Until he was returned to them, they were not safe. Yet knowing that his sword, at least, was with them still, helped make her feel a little better.
My sword stays here, he had said.
It stayed there all that week, and on the Tuesday evening came another knock—this time from men of the town guard—and Jean said, “Come now, let’s go see your daddie, he’s at Captain Graeme’s house.”
Lily’s heart had leapt with hope and happiness. Her feet had all but danced across the cobbles as they’d walked, for surely this meant things were better now, and all their troubles ended. She could not fathom why the faces of the men around them were so grim, nor why Jean was so quiet, unless it was because they had to walk the town’s streets in the nighttime and, as she’d been told so often, streets were not so safe by night.
But she’d have walked through any dangers, then, to see her father.
He’d grown paler, and his face was tightly lined, but his embrace was warm and sure. He gathered Lily in his arms, his head tucked hard against her shoulder, as though somehow the few candles in the drawing room were too bright for his eyes, and he would shield them from the light.
She snuggled close against his chest, and when he told her how he’d missed her and he asked her how she’d been, she answered back with stories of her kitten, and she felt her father’s smile.
“He sounds a right wee sodjer,” he said, giving her small kitten the great compliment of calling him a soldier like himself.
“He’s growing bigger every day. Ye’ll see when ye come home.”
His arms were briefly tighter. “I’m not coming home the now, my Lily. I’ve been called away.”
They were sending him to fight the rebels, Lily thought. She shook her head against his chest. “Ye said ye were no more that kind of soldier, that they would not make ye go.”
His breath fell warm against her neck. “A soldier does not always get to choose, lass.”
“It’s not fair.”
“No.” Pushing back the curls that tumbled hot against her forehead, he half raised his head to look at her with eyes that held a brightness she had never seen before. “It is not fair, it’s not. But I would have ye smile for me, and wish me a good journey, all the same. Cannot ye do that for me?”
Lily tried. Her smile was trembly, but she tried. She only glimpsed the smile her father gave in answer, for he’d leaned in once again to kiss her forehead.
“That,” he said, “will keep your dreams sweet while I’m gone.”
Then it was Bessie’s turn, and Lily sat with Robin Moray looking through the pictures in the atlas of the world that Captain Graeme kept among his books, while in the other corner of the room her father said farewell to Bessie and to baby James and, finally, to Jean.

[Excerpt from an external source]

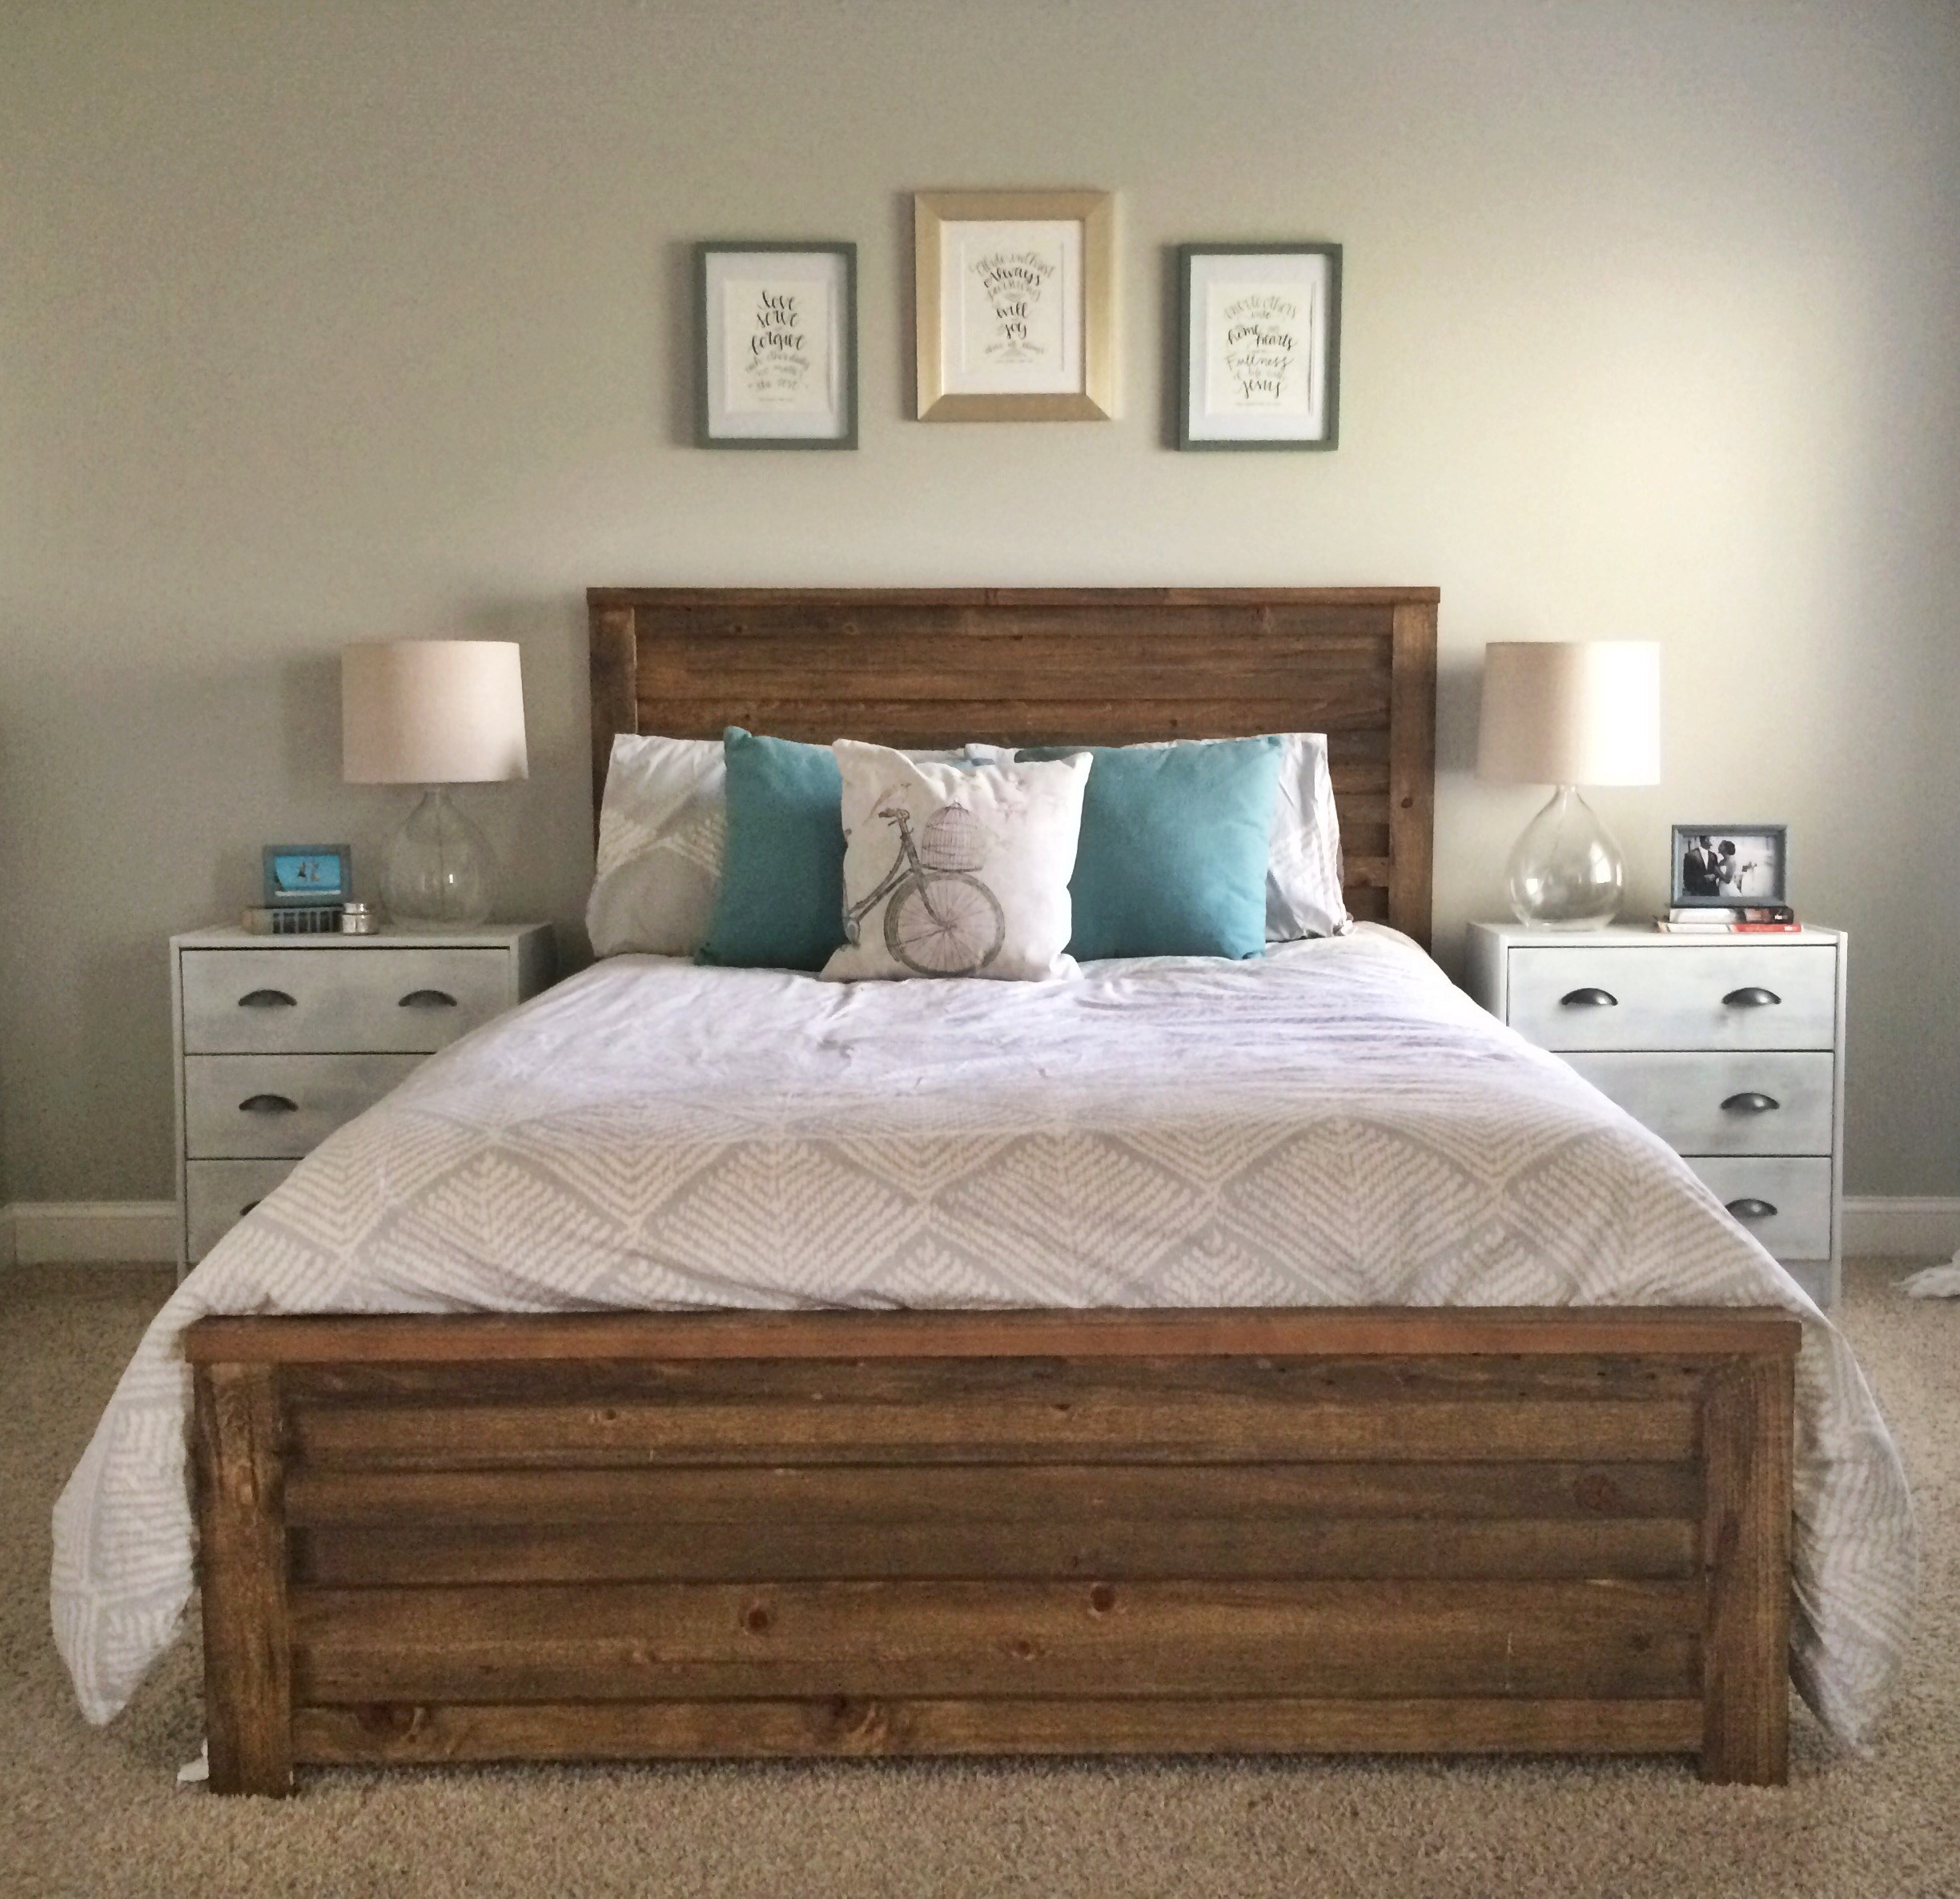 Ways To Find Quality Furniture For Cheap Bedroom Set

“Where would ye sail, if ye were able to sail anywhere?” asked Robin.
“Norway,” Lily answered, certain.
Robin raised his eyebrows. “Why is that?”
“Because that’s where Montrose went when his enemies were after him, so it must be the safest country.”

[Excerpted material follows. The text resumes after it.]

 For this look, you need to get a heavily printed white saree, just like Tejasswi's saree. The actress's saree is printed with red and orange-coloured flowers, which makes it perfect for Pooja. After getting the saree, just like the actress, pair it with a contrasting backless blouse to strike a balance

Robin said, “That is fair logic, Lily. You should join me in a study of the law. Norway it is, then.” And he turned the page to show her, in the atlas, where the map of that strange country lay, its long and jagged coastline with its ready, waiting harbors.
Jean was at her shoulder, then. “It’s time to go.”
Her father gave a final hug to little Bessie, who wrapped both her arms around his neck and told him, “Don’t cry, Daddie.”
He squeezed his eyes tight shut as though they pained him, and he blinked them, hard, but they were nearly dry when he hugged Lily. “Be a good girl, mind your prayers, and ye will see me, by and by.”
“I will,” she promised, wishing he were anything at all except a soldier. “I’ll pray every day, for then ye’ll come home safe, and will not die.”
His eyes filled brightly once more with the sheen of unshed tears, the line of his mouth turning downward slightly as he sought to hold it steady.
She clung to his hand. “Daddie.”
“Go, now.”
“But, Daddie…”
He looked at Jean. “Please, take them.”
Gently, Jean took Lily’s hand and loosed it from her father’s, and said, “Come, we have to leave him now.”
The walk home was the longest one that Lily could remember. It was also the first time she did not fear the dark.
For nothing waiting in the darkness could hurt her more deeply than the pain of letting go her father’s hand.